"one who forsakes cause, duty, party, or friends," 1630s, agent noun from desert (v.). Especially "soldier or sailor who departs from position without leave and without intent to return" (1660s).
Entries linking to deserter
desert v.
c. 1600, transitive, "to leave, abandon," either in a good or bad sense; 1640s, in reference to military service or duty, "leave without permission;" from French déserter "cause to leave," literally "undo or sever connection," from Late Latin desertare, frequentative of Latin deserere "to abandon, to leave, forsake, give up, leave in the lurch," from de "undo" (see de-) + serere "join together, put in a row" (from PIE root *ser- (2) "to line up"). Intransitive sense of "quit (a service or post) without permission" is from 1680s. Related: Deserted; deserting.
-er 1
English agent noun ending, corresponding to Latin -or. In native words it represents Old English -ere (Old Northumbrian also -are) "man who has to do with," from Proto-Germanic *-ari (cognates: German -er, Swedish -are, Danish -ere), from Proto-Germanic *-arjoz. Some believe this root is identical with, and perhaps a borrowing of, Latin -arius (see -ary).
Generally used with native Germanic words.

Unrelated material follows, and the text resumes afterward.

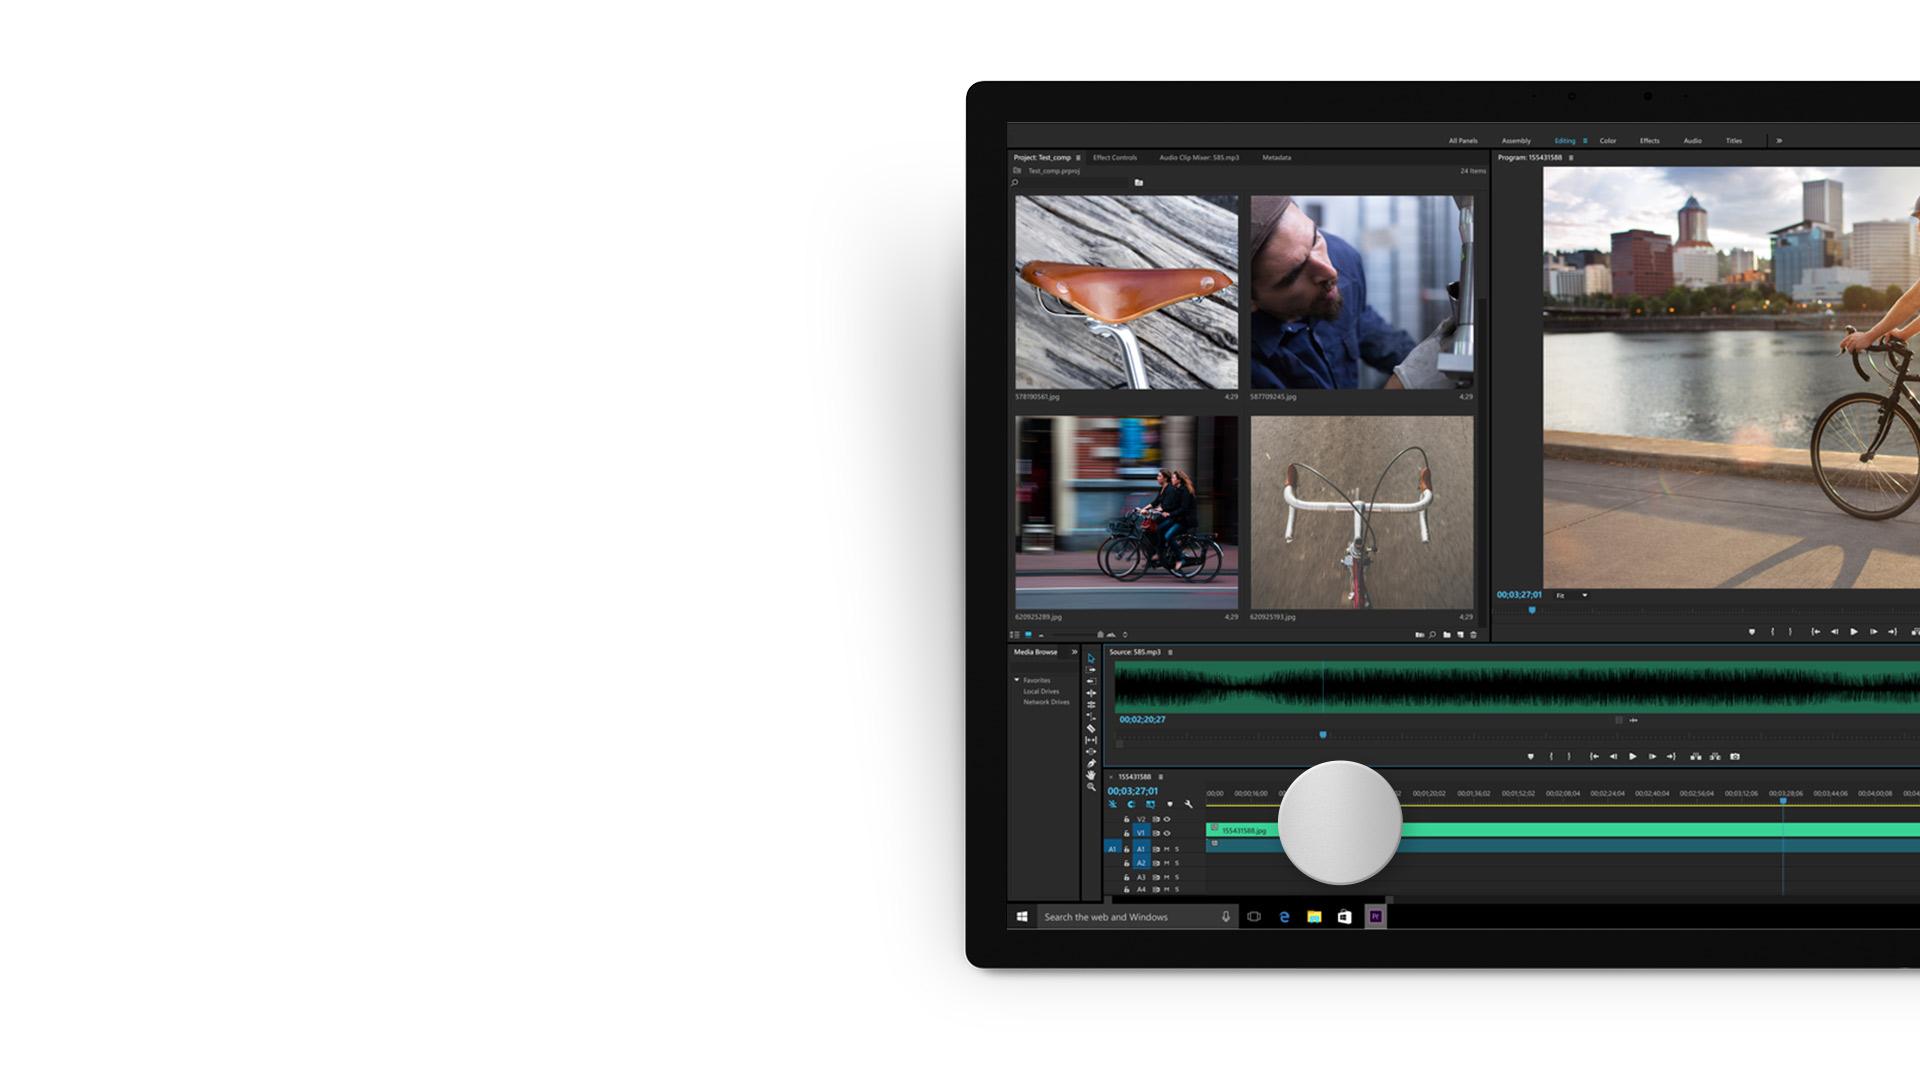 Adobe Premiere Pro CC app on Surface device.

In words of Latin origin, verbs derived from past participle stems of Latin ones (including most verbs in -ate) usually take the Latin ending -or, as do Latin verbs that passed through French (such as governor); but there are many exceptions (eraser, laborer, promoter, deserter; sailor, bachelor), some of which were conformed from Latin to English in late Middle English.
The use of -or and -ee in legal language (such as lessor/lessee) to distinguish actors and recipients of action has given the -or ending a tinge of professionalism, and this makes it useful in doubling words that have a professional and a non-professional sense (such as advisor/adviser, conductor/conducter, incubator/incubater, elevator/elevater).